The Traffic Congestion Mitigation Commission is expected to sign off on a condensed version of the Bloomberg administration's original pricing proposal today, one with a northern boundary of 60th Street (rather than 86th) and no charges for trips that begin within Manhattan's Central Business District. Higher parking rates and a taxi surcharge could also be included, but other details -- such as New Jersey drivers avoiding congestion fees through toll credits -- are likely to be left unresolved.
TCMC Chairman Marc Shaw met privately yesterday with Assembly Democrats, who reportedly expressed their opinion of the plan no uncertain terms.
Here are some choice bits from today's papers.
From the Times:
"I would say that the idea of congestion pricing and the commission's proposals got hammered, and it was in a comprehensive way," said Rory I. Lancman, a Queens assemblyman who attended the meeting. "Every aspect of the proposals were hashed out, were analyzed and were found to be wanting."

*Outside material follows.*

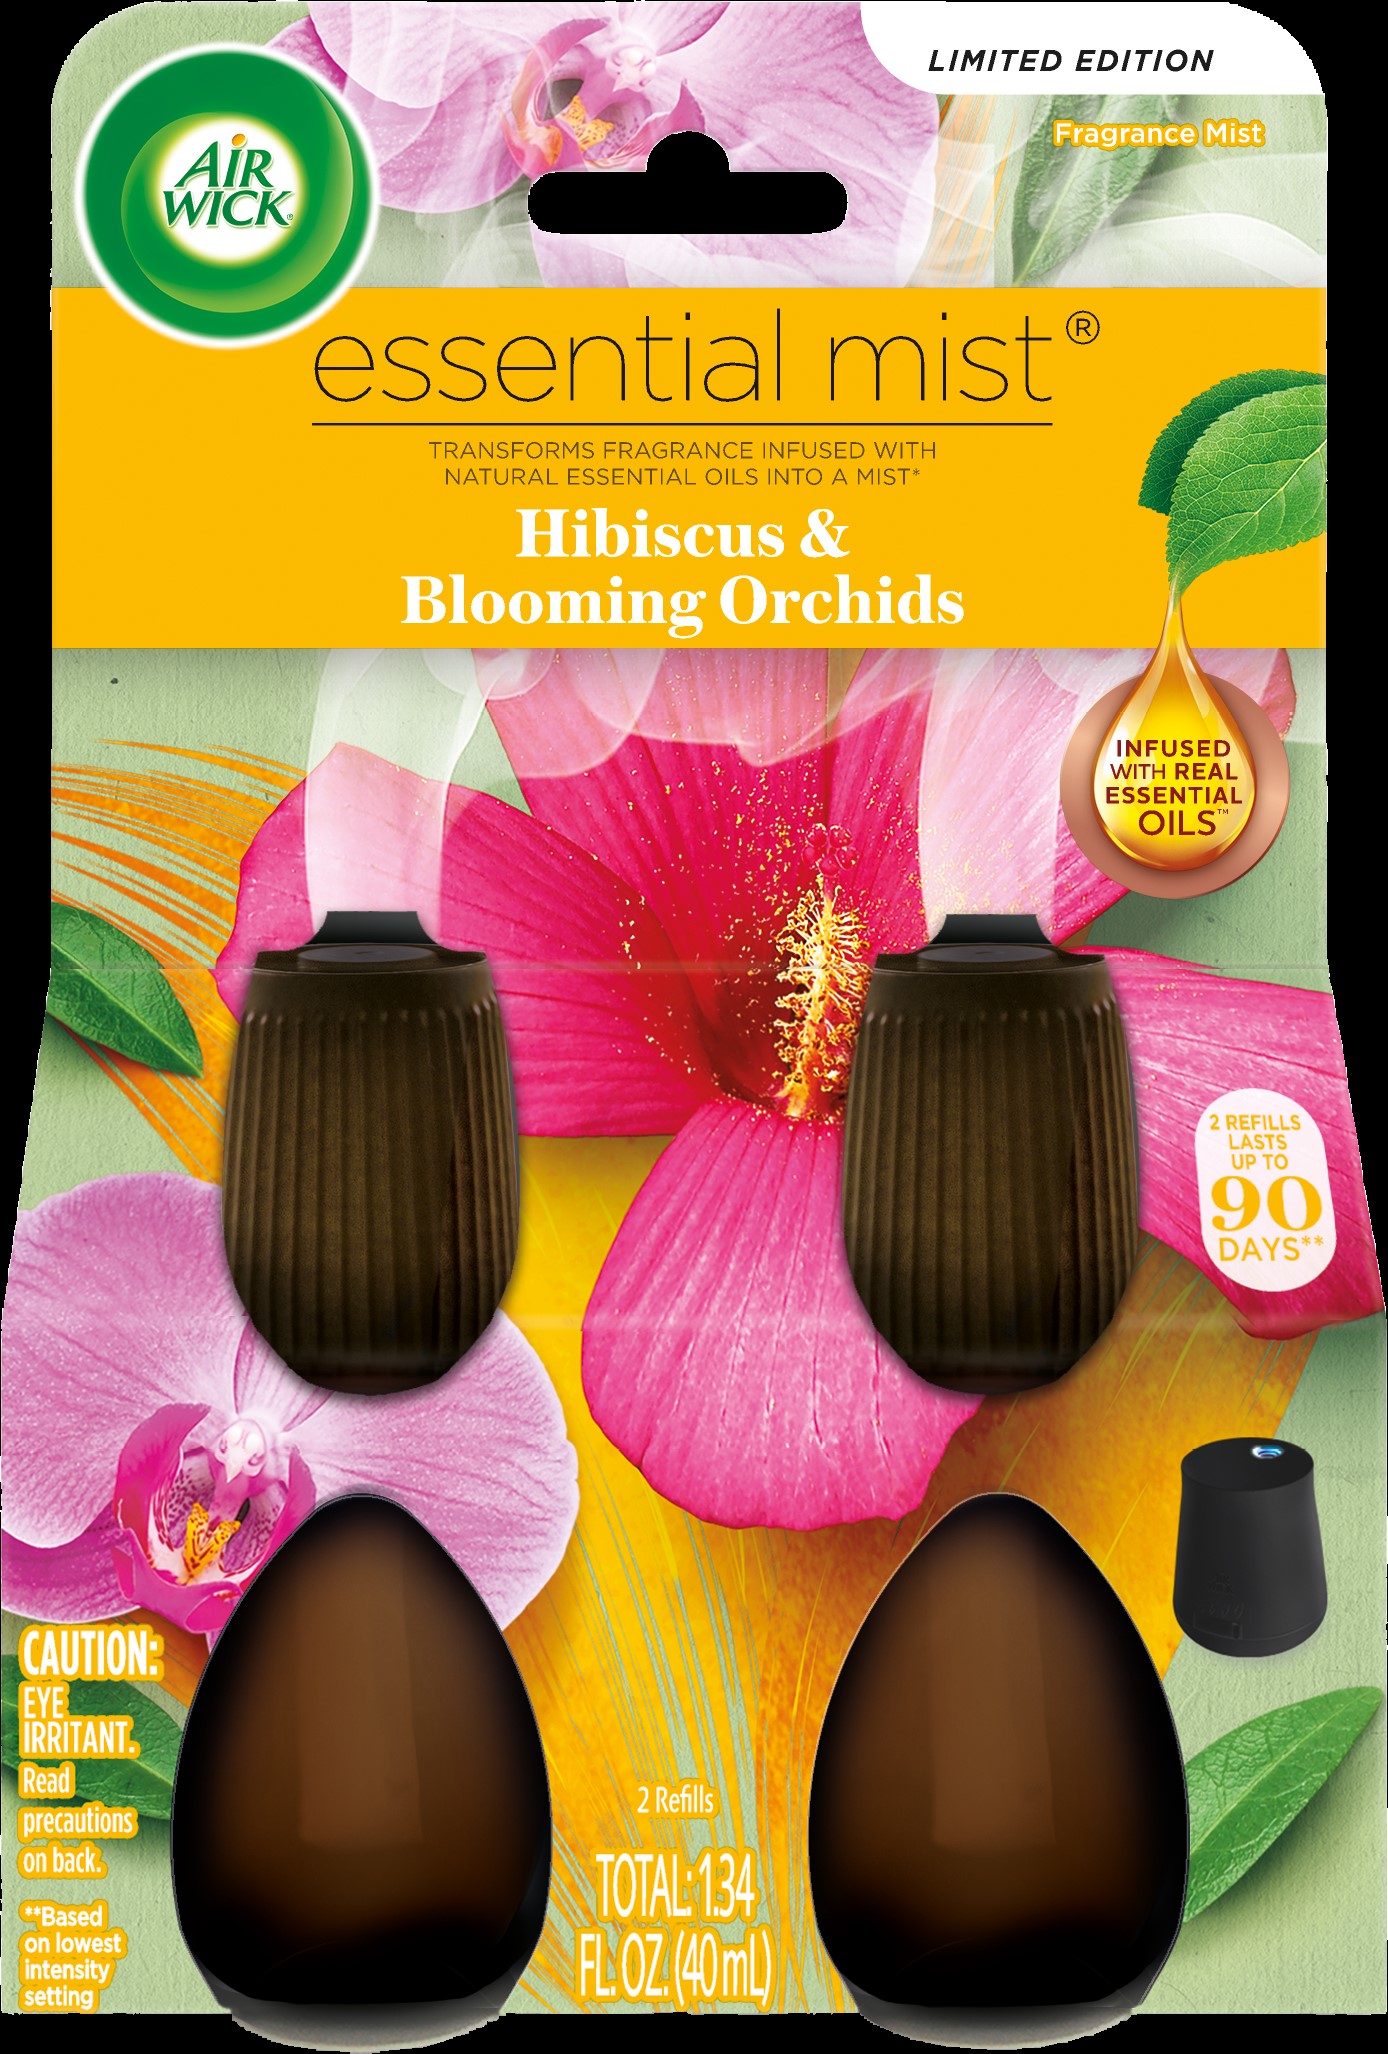 AIR WICK® Essential Mist - Hibiscus & Blooming Orchids

Mr. Shaw has been making the rounds in Albany as he tries to drum up support for a traffic-busting plan in advance of the commission's vote.

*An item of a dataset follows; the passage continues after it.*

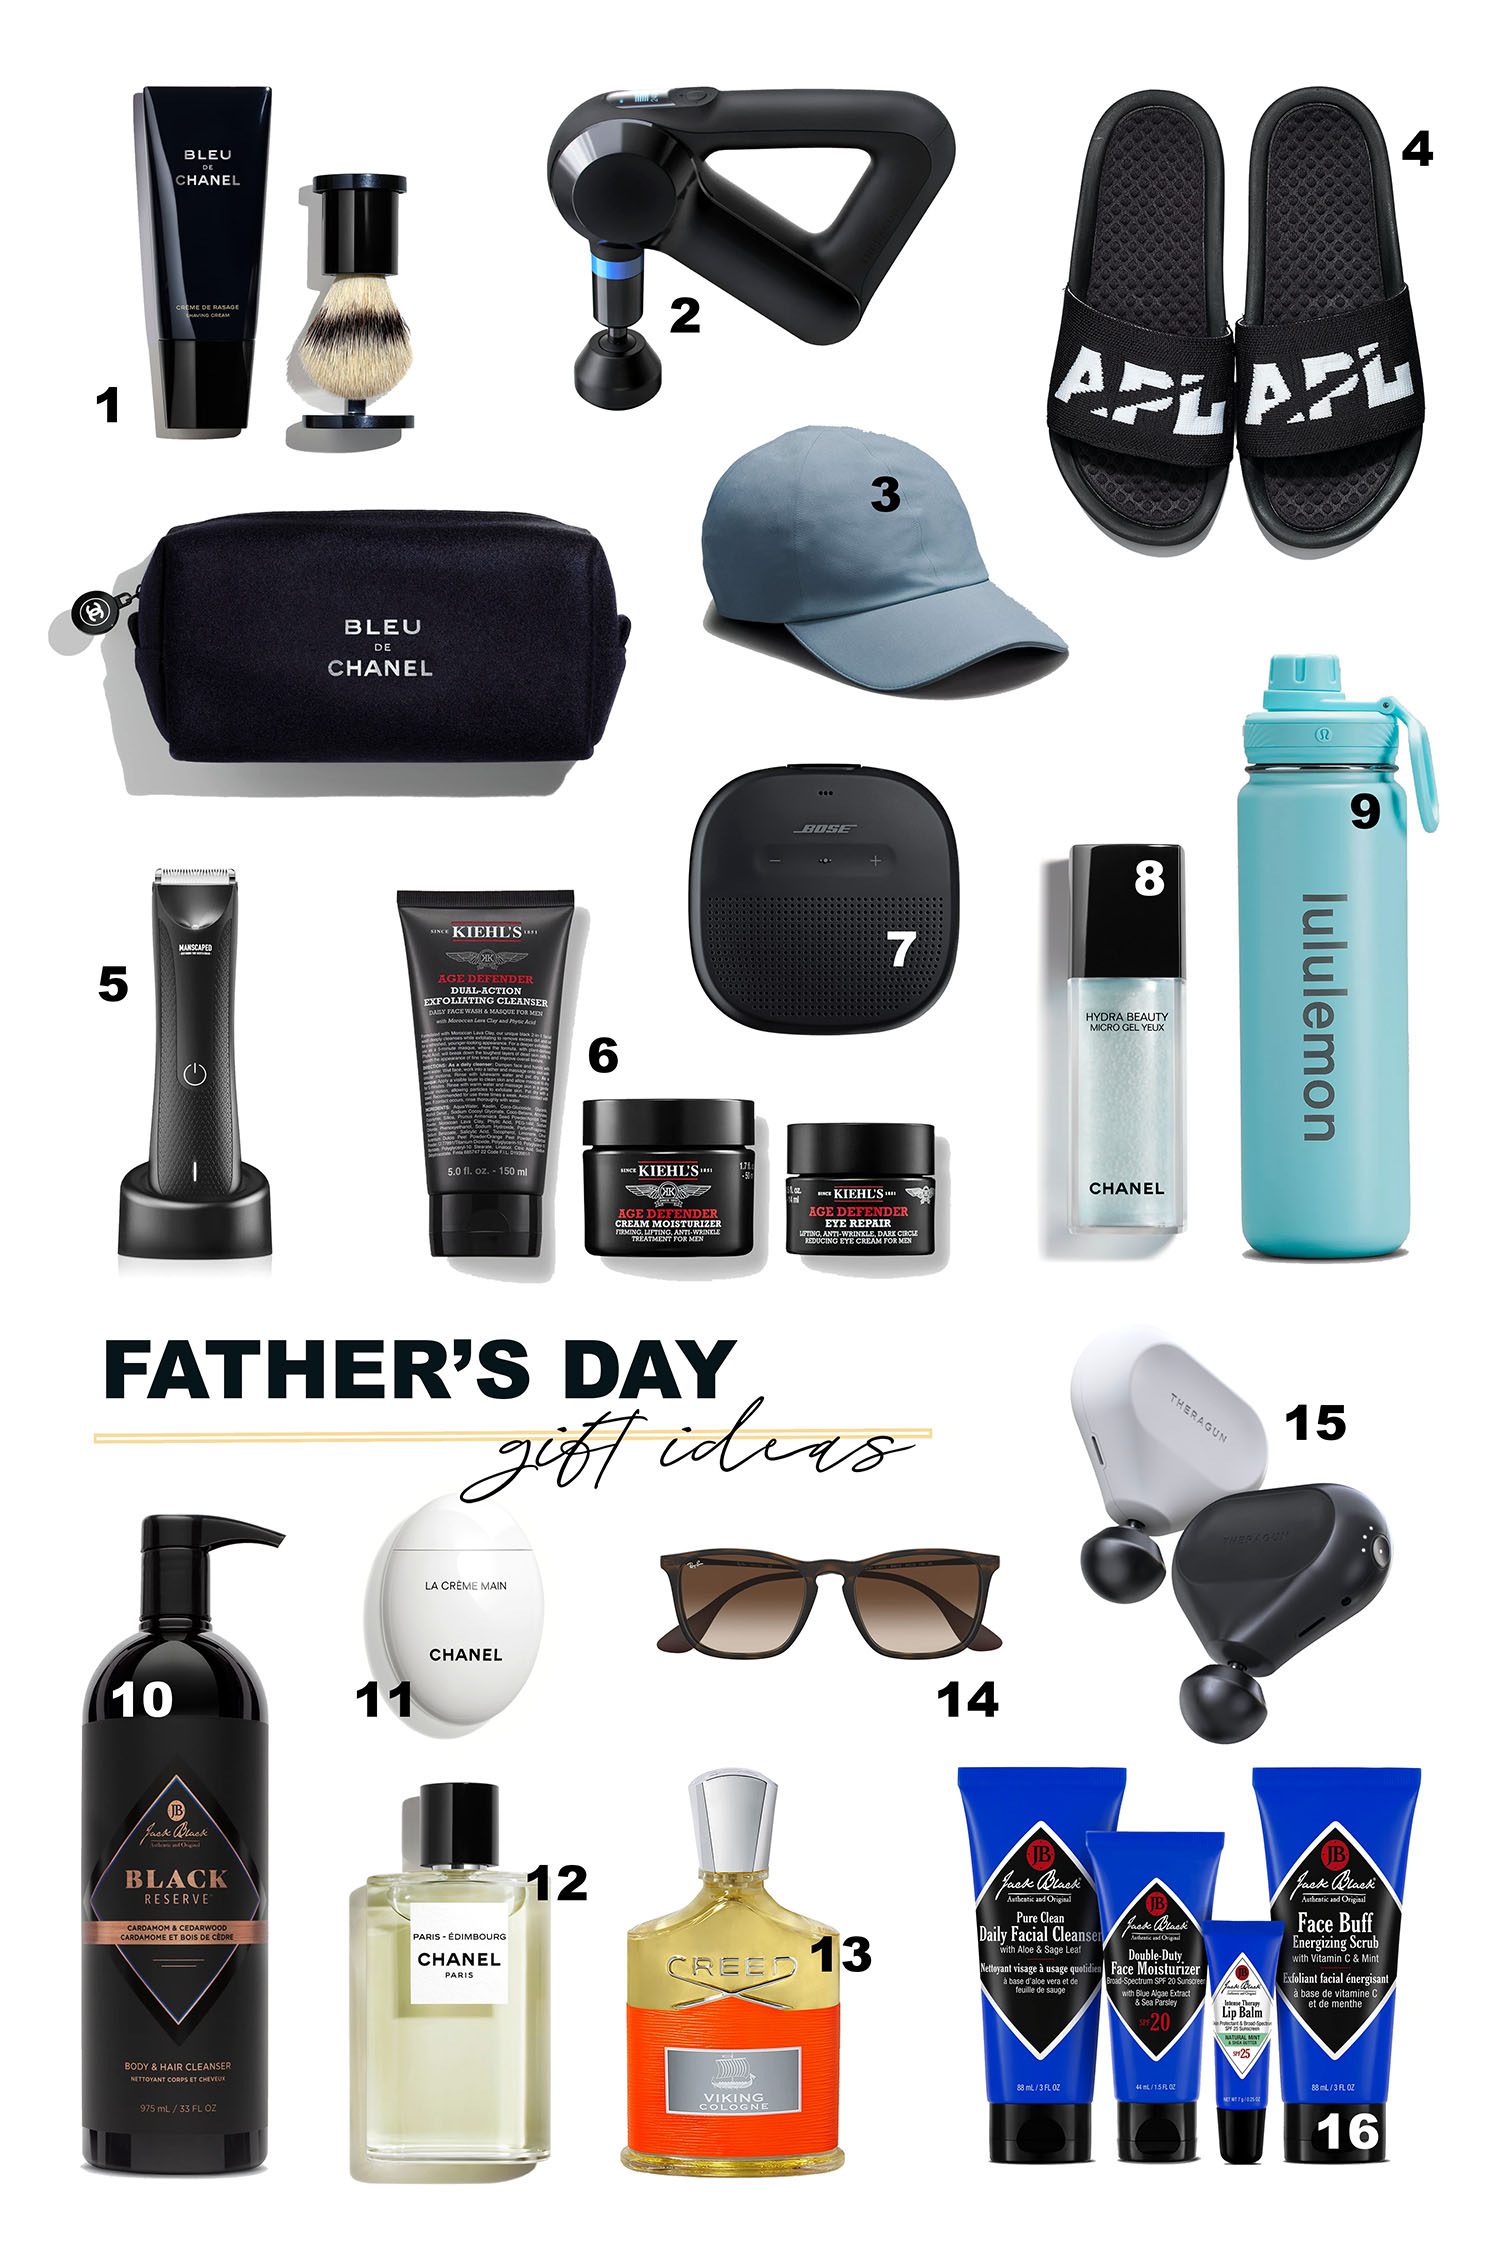 Useful Gifts for Men - Grooming and On-the-Go Gift Ideas

"Marc stood there for three hours and took his beating like a man," Mr. Lancman said.
From the Sun:
"I do not believe it will become the law of the state," Mr. Brodsky, who represents Westchester County, said during a telephone interview yesterday. "They've taken a bad plan and made it worse."
The mayor's office declined to comment, but during his weekly radio show last week, Mr. Bloomberg said that a lower boundary "would bring in less money and would leave us with another traffic problem."
From the Post:
"Were we not to get congestion pricing, it would have a dramatic effect on our ability to expand and modernize our system," MTA Executive Director Elliot Sander said yesterday.

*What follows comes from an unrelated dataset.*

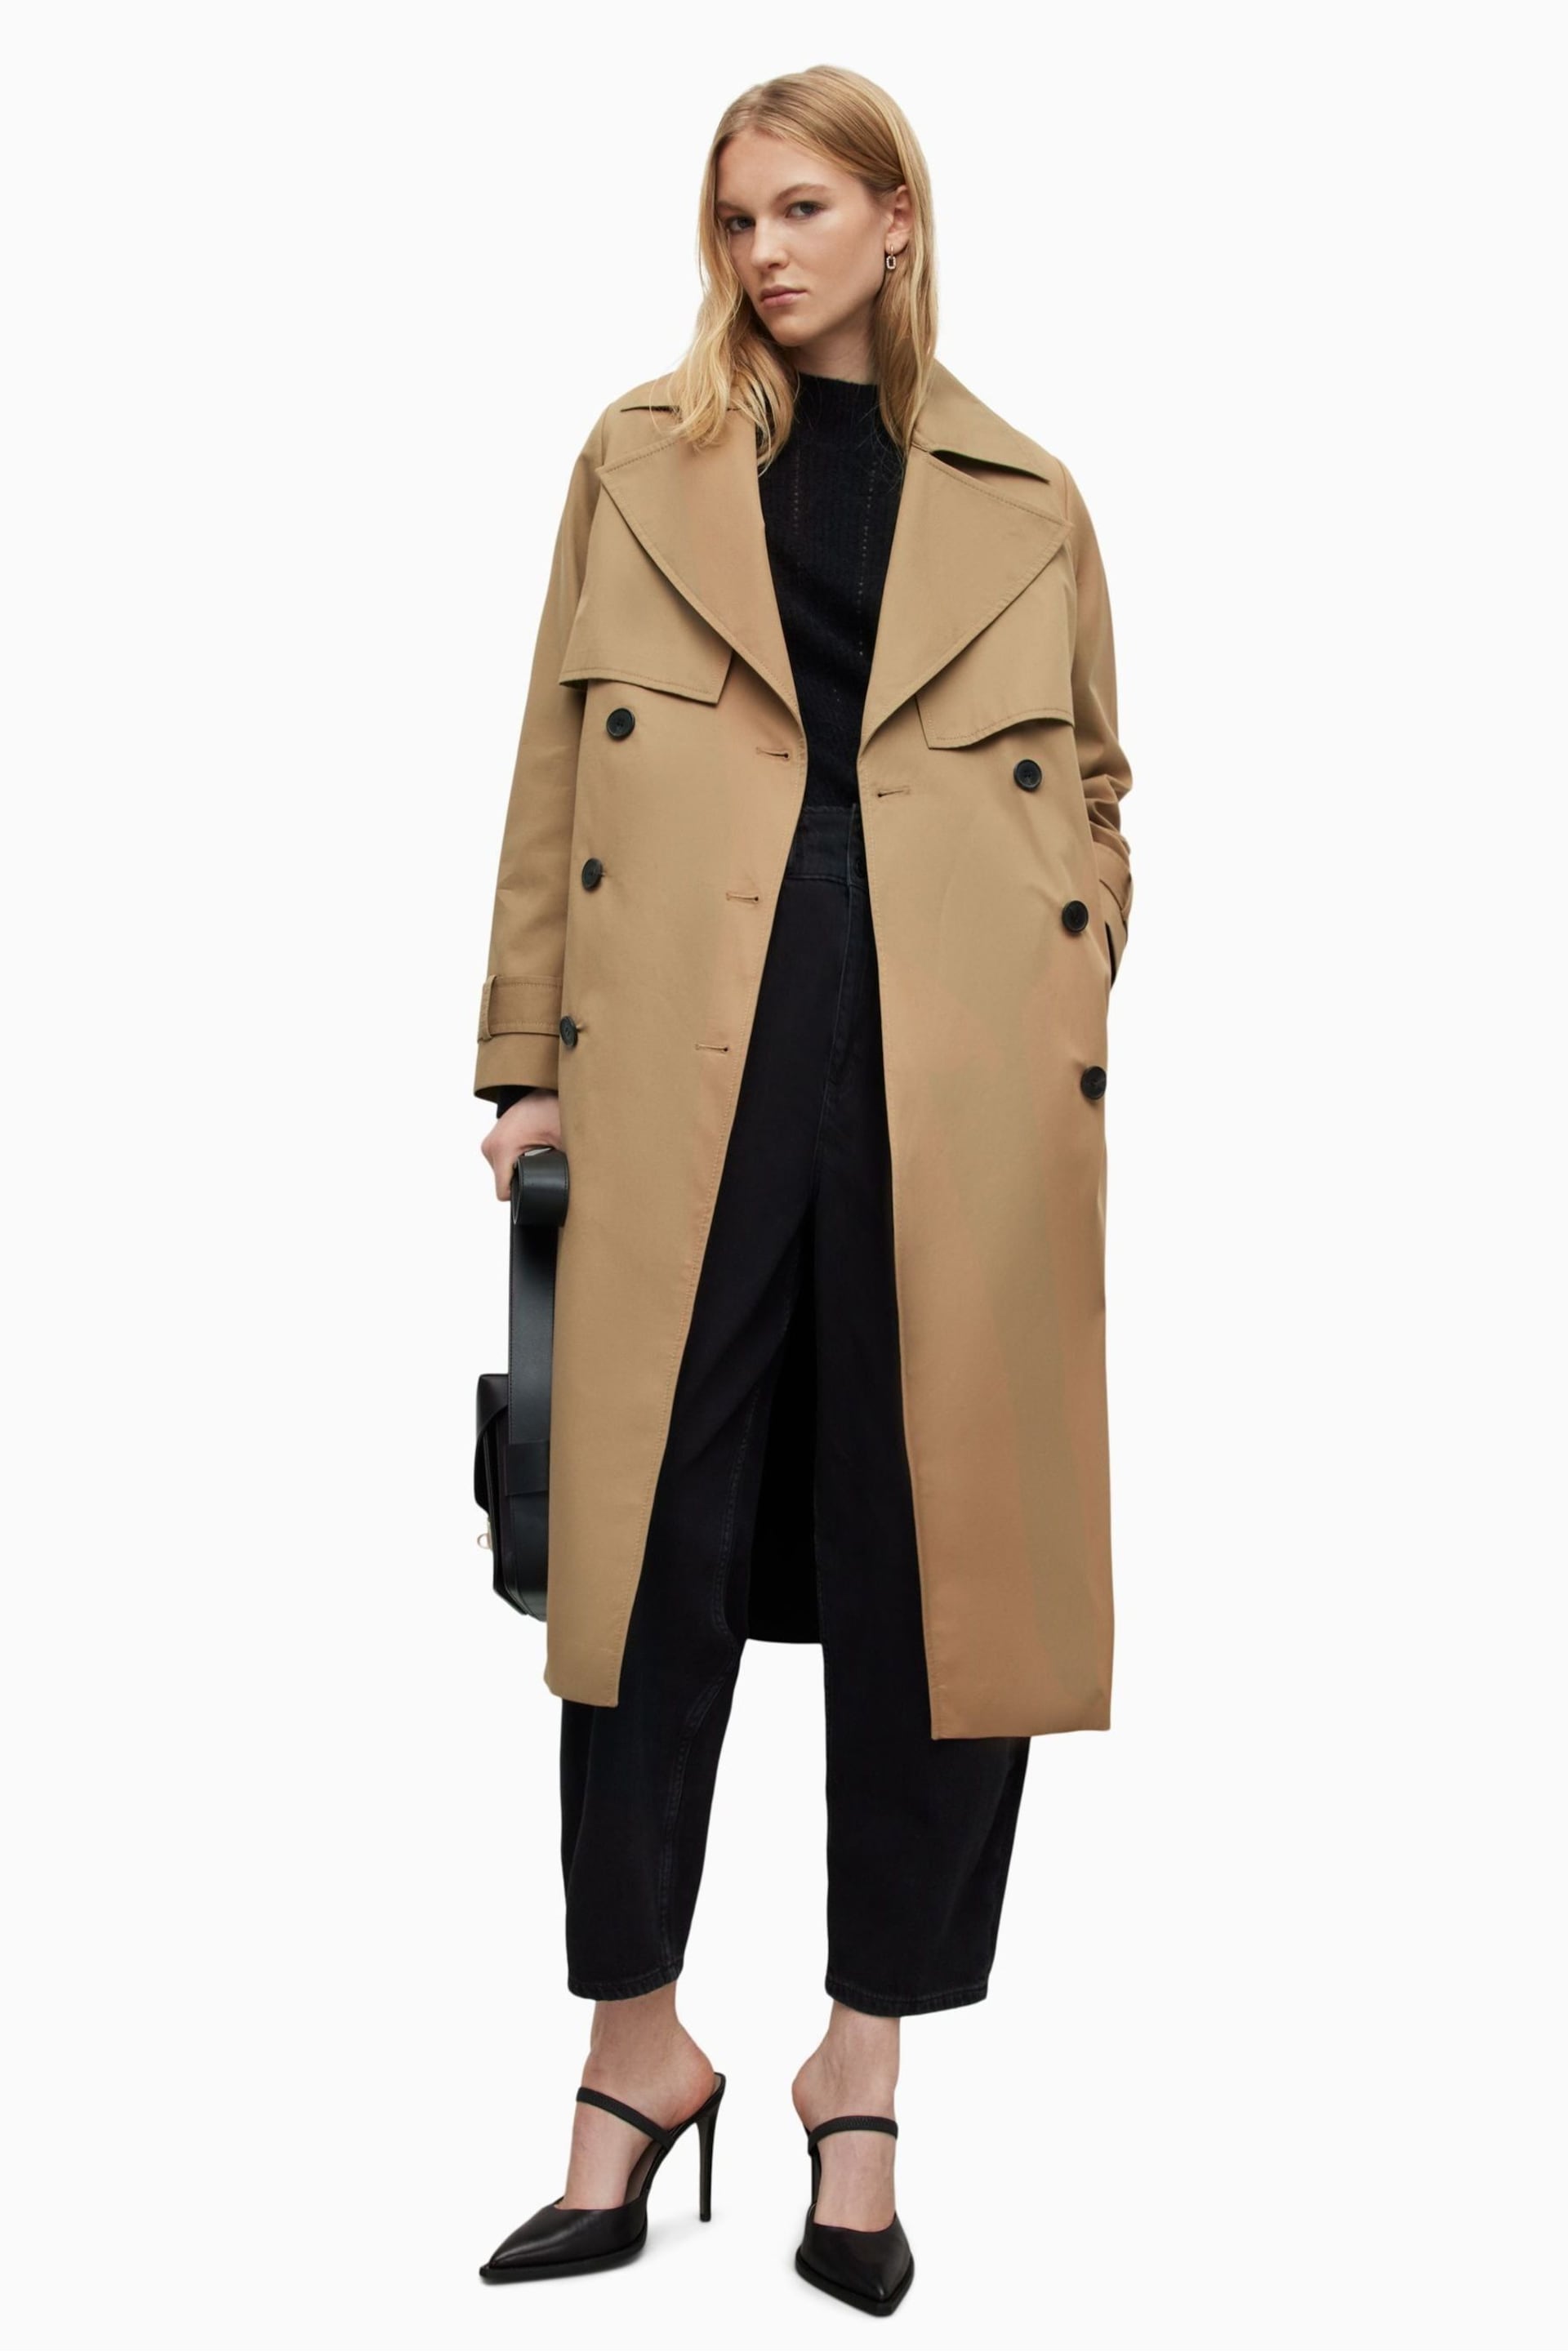 AllSaints Black Mixie Trench Coat - Image 4 of 8

"It makes a lot more sense to put the [border] where the business district really ends," said Councilman John Liu (D-Queens), chairman of the City Council's Transportation Committee.
The administration of the plan will be less expensive "and we won't have thousands of cameras peering at us every single place," Liu added.
The final version also will probably not include tolls on now-free East and Harlem River bridges, sources said.
"Hopefully, this will finally put to bed the wild and crazy idea of bridge tolls," Liu said.
From the News:
"I wouldn't say it's dead. I would say it has major obstacles," said Assemblyman Richard Gottfried (D-Manhattan), a congestion pricing supporter.
Speaker Sheldon Silver (D-Manhattan) told the Daily News Wednesday the idea still has life - in part because the MTA is counting on $500 million a year in congestion pricing funds to pay for its $25 billion-plus capital spending plan.
"They can be dealt with, is what I'm saying," Silver said.